3.1. Data quality assessment and preprocessing
Regression analysis of the raw data was performed using the affyPLM R package. The relative log expression (RLE) plot revealed that the gene expression levels in GSE74530 were consistent with the median approaching 0 (Fig. 1A), indicating that the quality of the expression data was reliable. As for the RNA degradation plot, it showed that the RNA integrity has a good quality (Fig. 1B), and all the 12 samples can be used for further analysis.
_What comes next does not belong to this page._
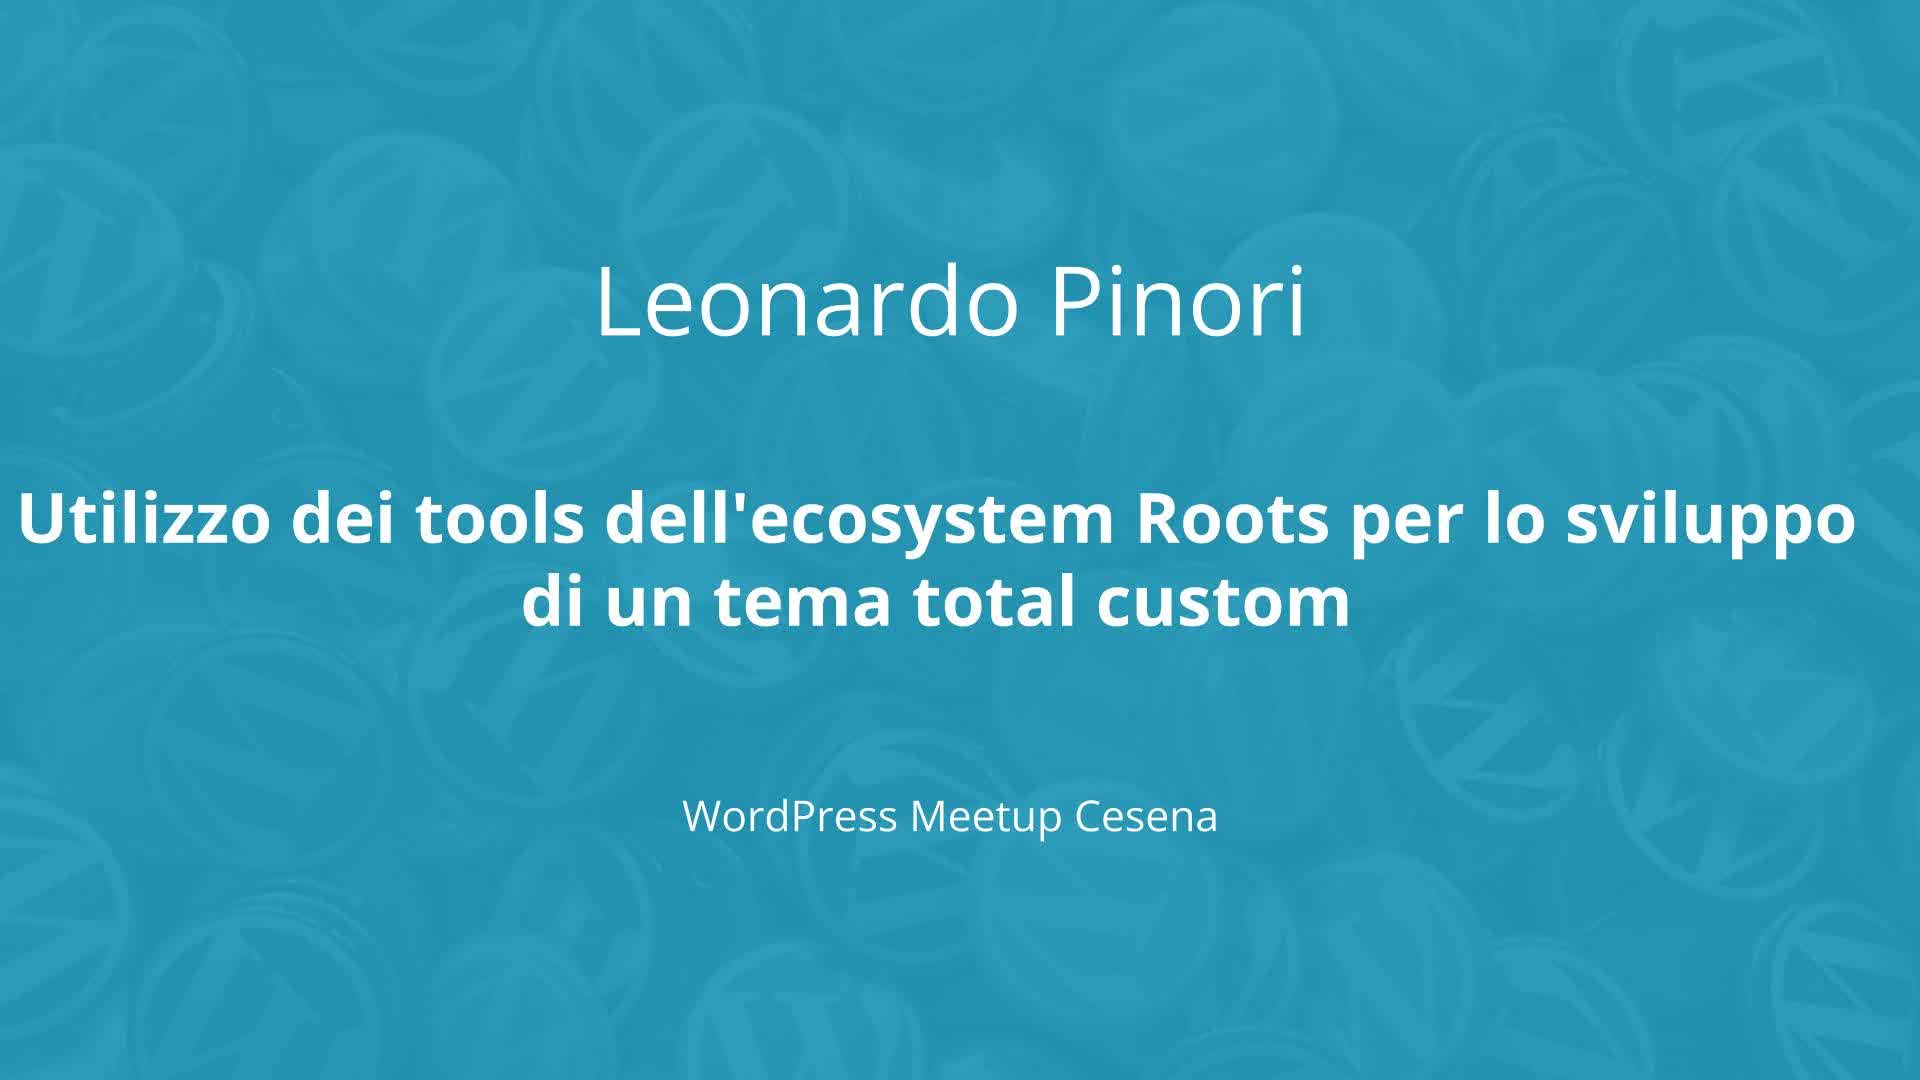 Leonardo Pinori: Utilizzo dei tools dell’ecosystem Roots per lo sviluppo di un tema total custom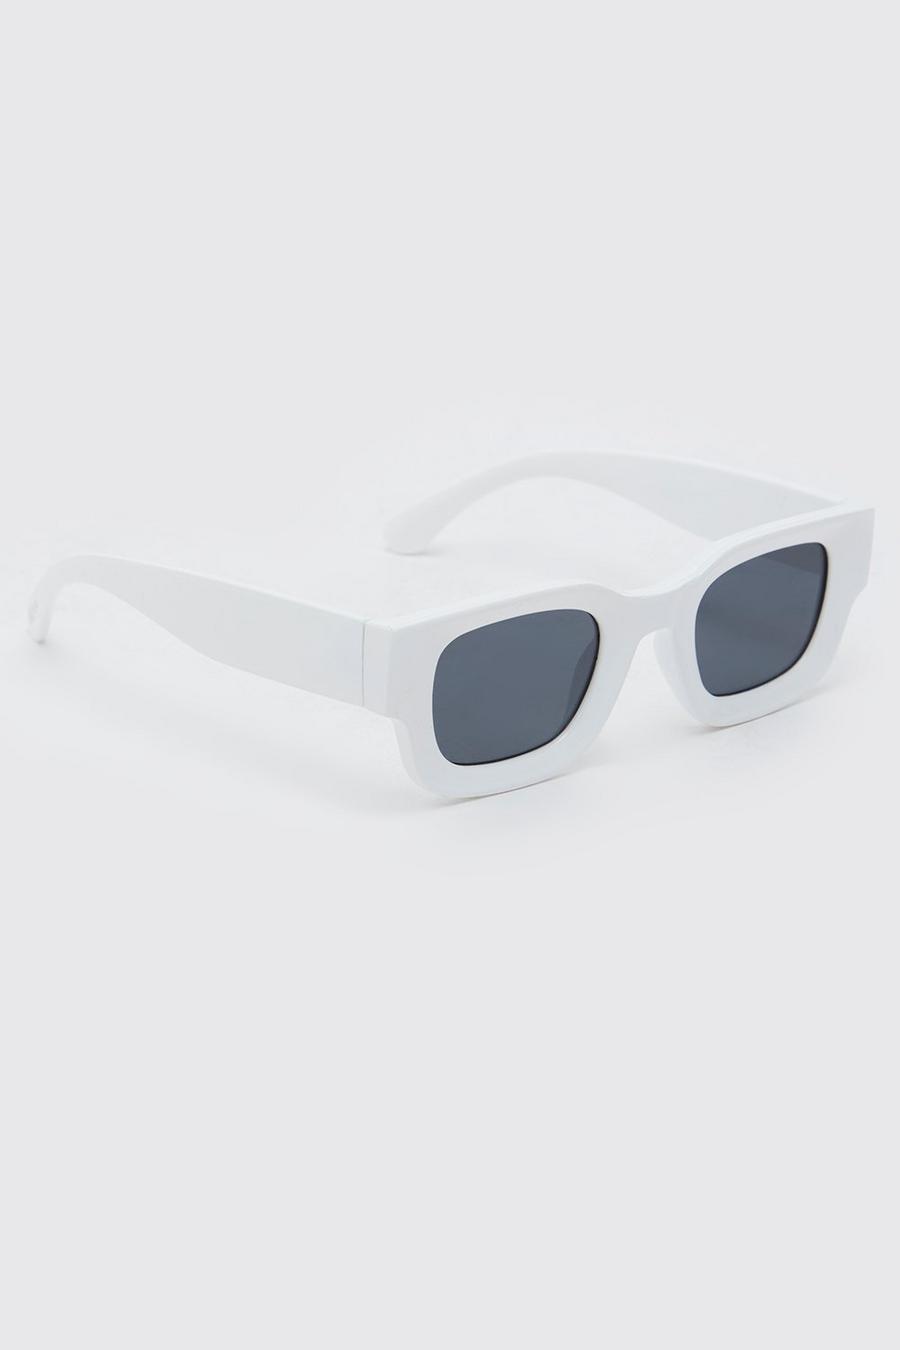 Gafas de sol recicladas Wayfarer de plástico gruesas, White blanco image number 1

A total of 16,434 mRNAs and 1,210 lncRNAs were identified in the microarray data using the human comprehensive gene annotation from GENCODE. As shown in Fig. 1C, there were no obvious outliers in the spread and location in boxplot, and small discrepancies can be sufficiently removed by normalization. The median values of 12 samples were almost at the same level after normalization (Fig. 1D), which effectively corrected the systematic differences between the chips.
3.2. The screening results of DELs and DEMs
We identified 34 DELs and 1,641 DEMs by comparing the tumor groups with the adjacent normal tissue group using the limma package. The expression of these DELs and all the DEGs are visualized in a heatmap (Fig. 2) and a volcano plot (Fig .3), respectively. The miRNA targets of the lncRNAs were predicted using the miRcode database in R. The target mRNAs of these miRNAs were obtained using the three highly reliable microRNA target prediction databases of miRTarBase, TargetScan and miRDB, and the result was intersected with the above-mentioned DEMs.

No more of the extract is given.